Figure 1 shows the optimal values of the independent variables and their effects on response variables. Under the optimized conditions, a production process was established to validate the multiple response prediction. The obtained values of protein content, MCA, spMCA, PA, spPA, and MCA/PA ratio were 5.11 mg/mL, 2258.13 SU/mL, 441.90 SU/mg, 5.81 PU/mL, 1.14 PU/mg, and 388.66, respectively; these values were close to the predicted values based on the composite desirability approach. Figure 2 represents the interaction between each two independent variables and their effect on spMCA of protease while maintaining other variables at the central point.

Fig. 1.

Fig. 1

Multiple response optimization of protease production. Columns represent the effect of each factor on the responses (rows). Vertical red lines represent the optimal values of the independent variables yielding the desired responses. Horizontal blue lines represent the predicted values of responses for the optimal set of independent variables. The numbers in the first row represent the range for each factor and its optimal value (shown in red). Optimal values of responses are shown in the first column (blue values).
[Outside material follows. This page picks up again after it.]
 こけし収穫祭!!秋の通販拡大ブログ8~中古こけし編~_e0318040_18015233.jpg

D is the composite desirability index, encompassing all responses; d is the individual desirability index. (0≤di≤1) higher index values reveal higher desirability, whereas 1 represents a completely desirable

Fig. 2.

Fig. 2

3D Response surface plots representing the interaction between each two independent variables and their effect on spMCA. Other variables were kept at their constant level. a spMCA vs temperature; time, b spMCA vs casein; pH, c spMCA vs pH; time, d spMCA vs pH; temperature, e spMCA vs moisture; time, f spMCA vs moisture; temperature, g spMCA vs casein; temperature, h spMCA vs Moisture; pH, i spMCA vs casein; time, j spMCA vs casein; moisture

Discussion

Preliminary screening of medium formulation

The variation of enzyme production in the different media is due to the differences in the physical and chemical properties among the substrates.

The size and geometric shape of substrate particles are the most important physical characteristics which affect medium porosity and determine the surface-area-to-volume ratio which affects the rate of reactions [8]. The fine wheat flour particles may get packed together and filled the space between wheat bran particles, which affected the microbial respiration and, consequently, the growth rate.
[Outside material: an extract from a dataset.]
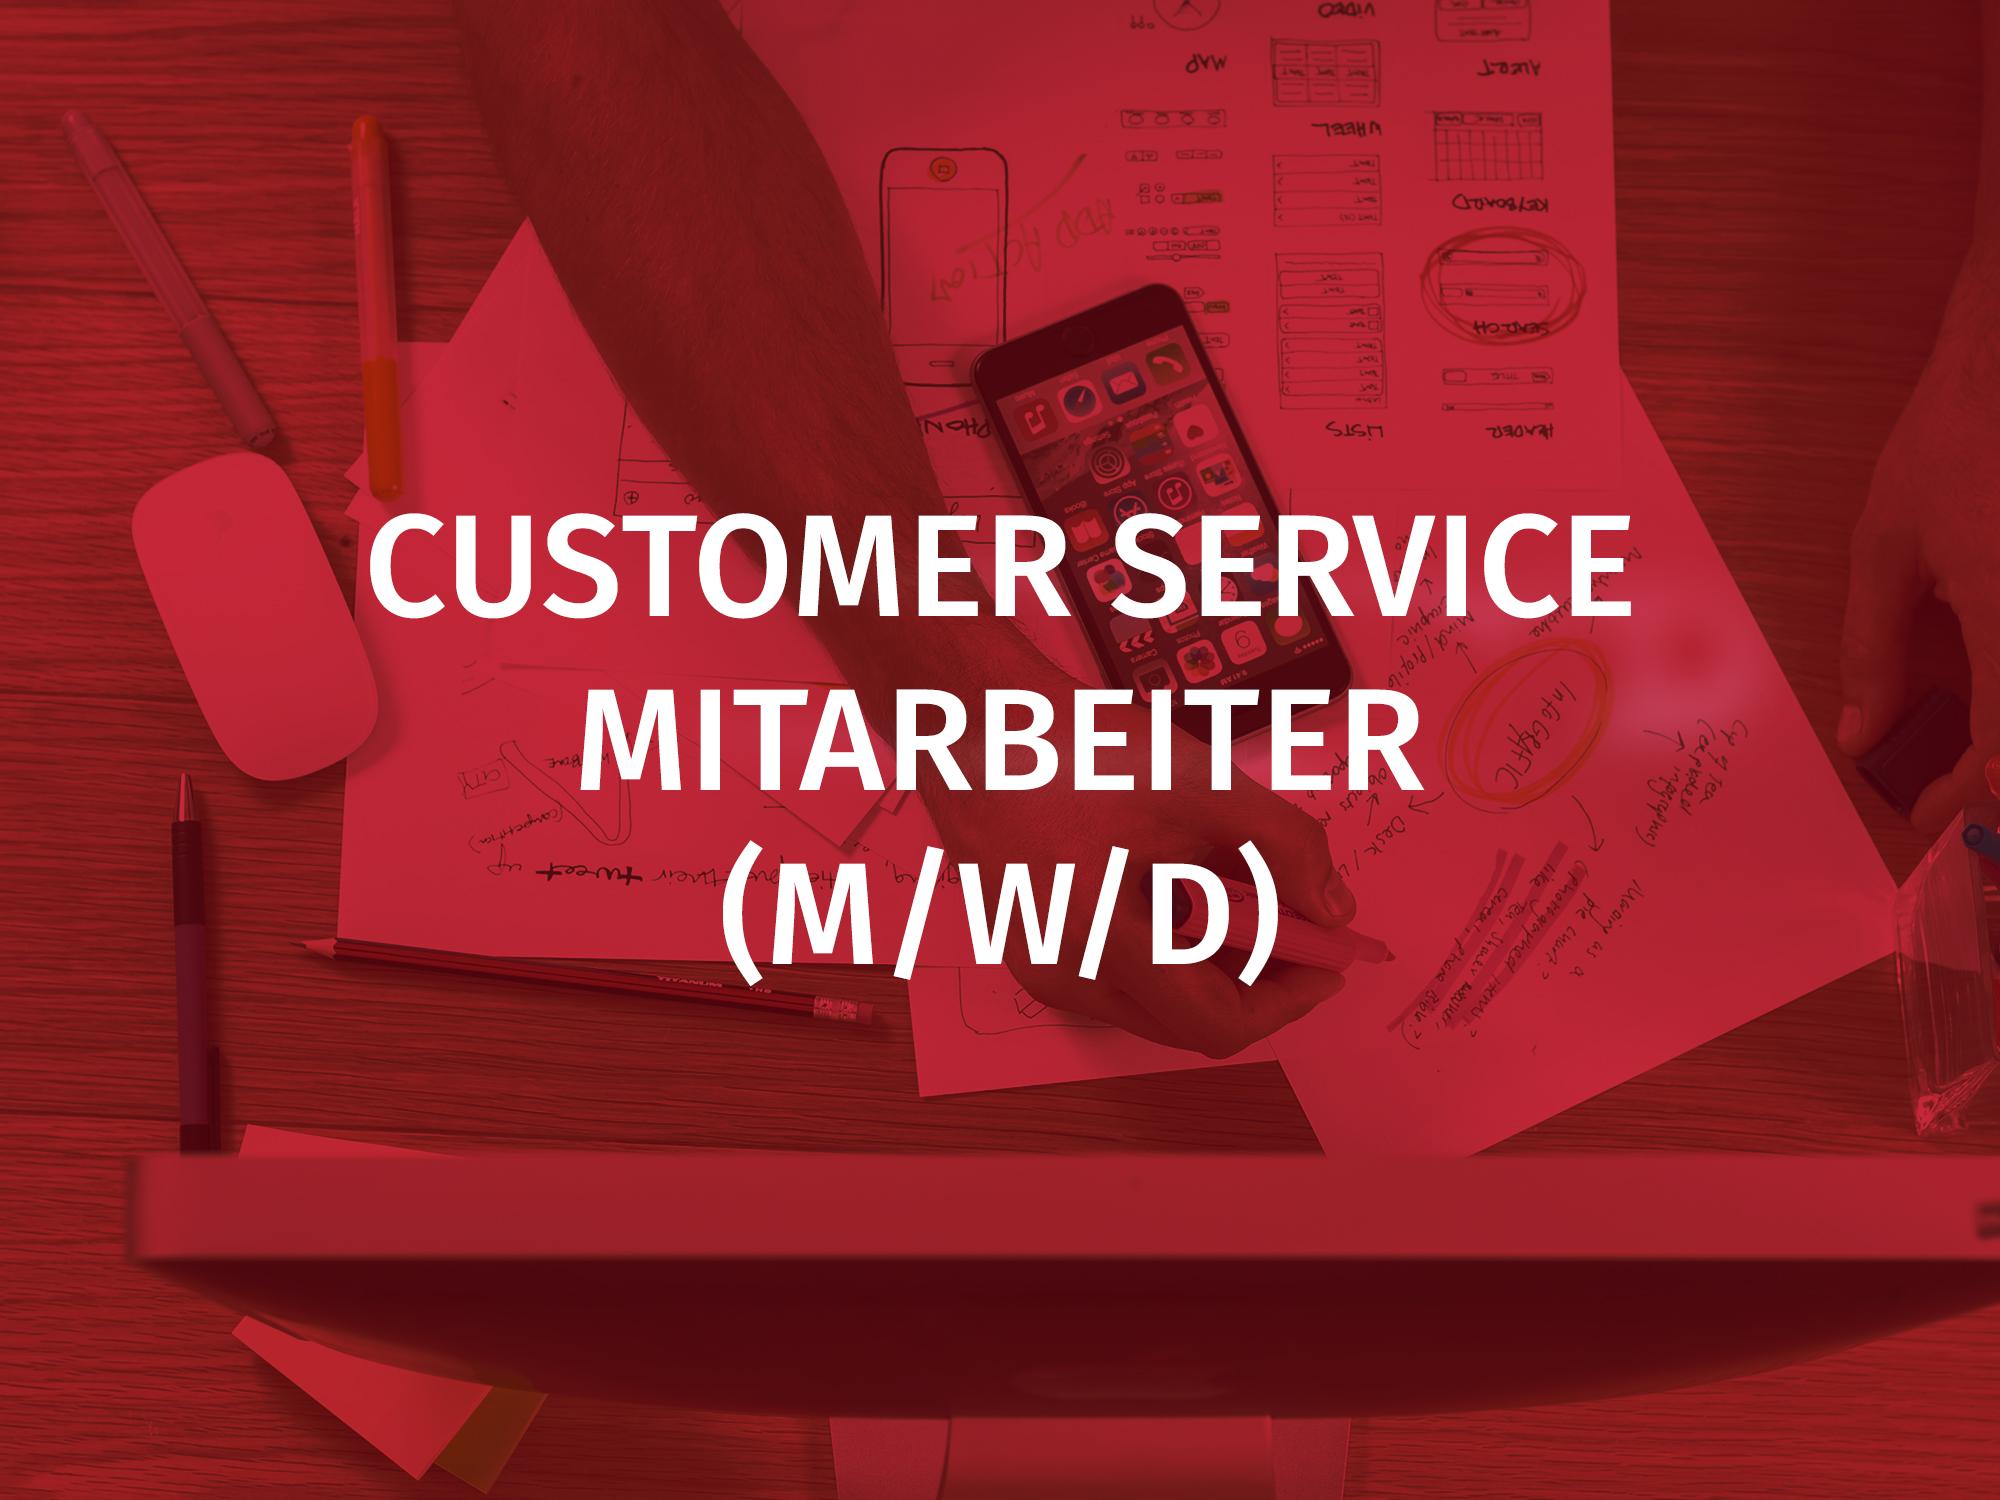 customer service mitarbeiter

As for the chemical properties that appear to affect protease production, they could be represented by the structure and availability of substrates, the type and proportions of organic materials, and the nutrient content.
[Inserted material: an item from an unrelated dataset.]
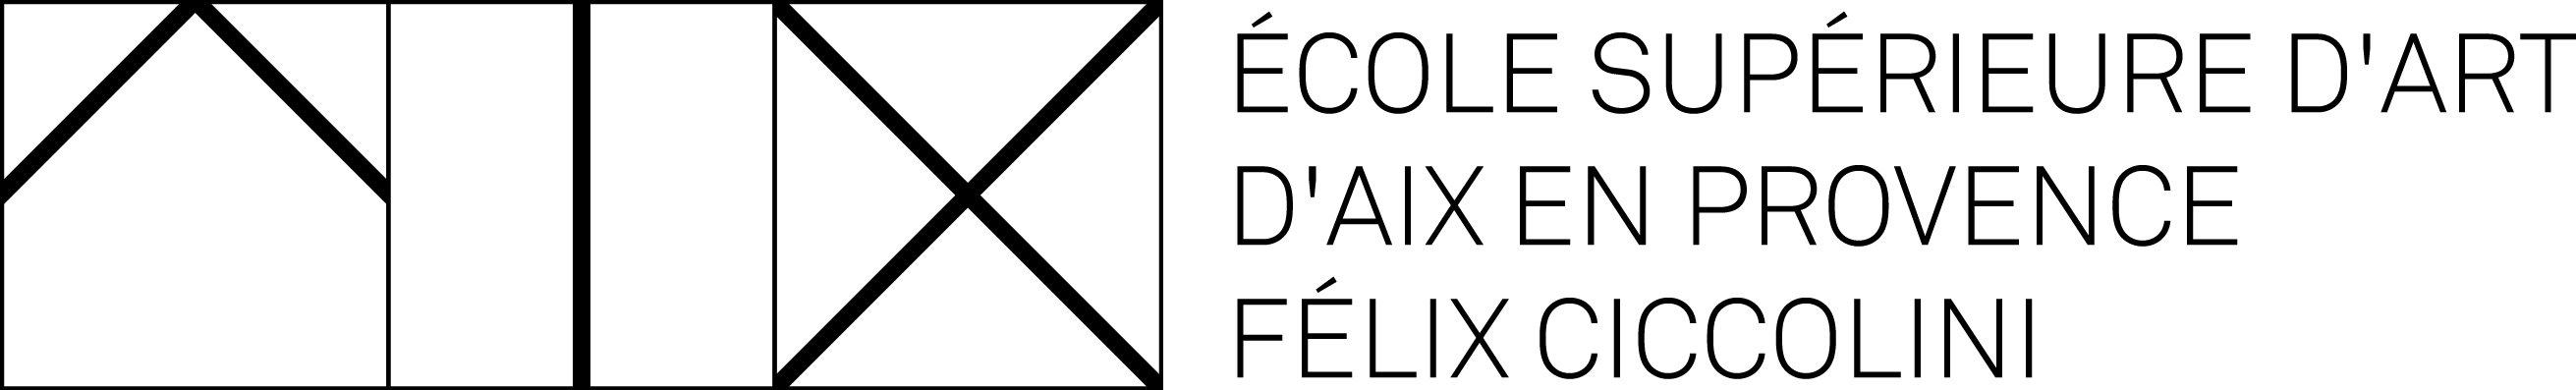 Ecole Superieure d'art d'Aix en Provence, Felix Ciccolini,

The decrease in protease production with an increasing replacement ratio with soybean powder is due to the decreasing carbon-to-nitrogen (C/N) ratio. The C/N ratios in the used substrates are approximately 39.1:1.26, 44.7:2.20, 50.70:2.28, 45.40:6.71 for wheat flour, wheat bran, corn, and soybean, respectively [17, 44]. A reduction in protease production from filamentous fungi with decreasing C/N ratio was indicated by Aguilar et al. [3] and Boratyński et al. [13].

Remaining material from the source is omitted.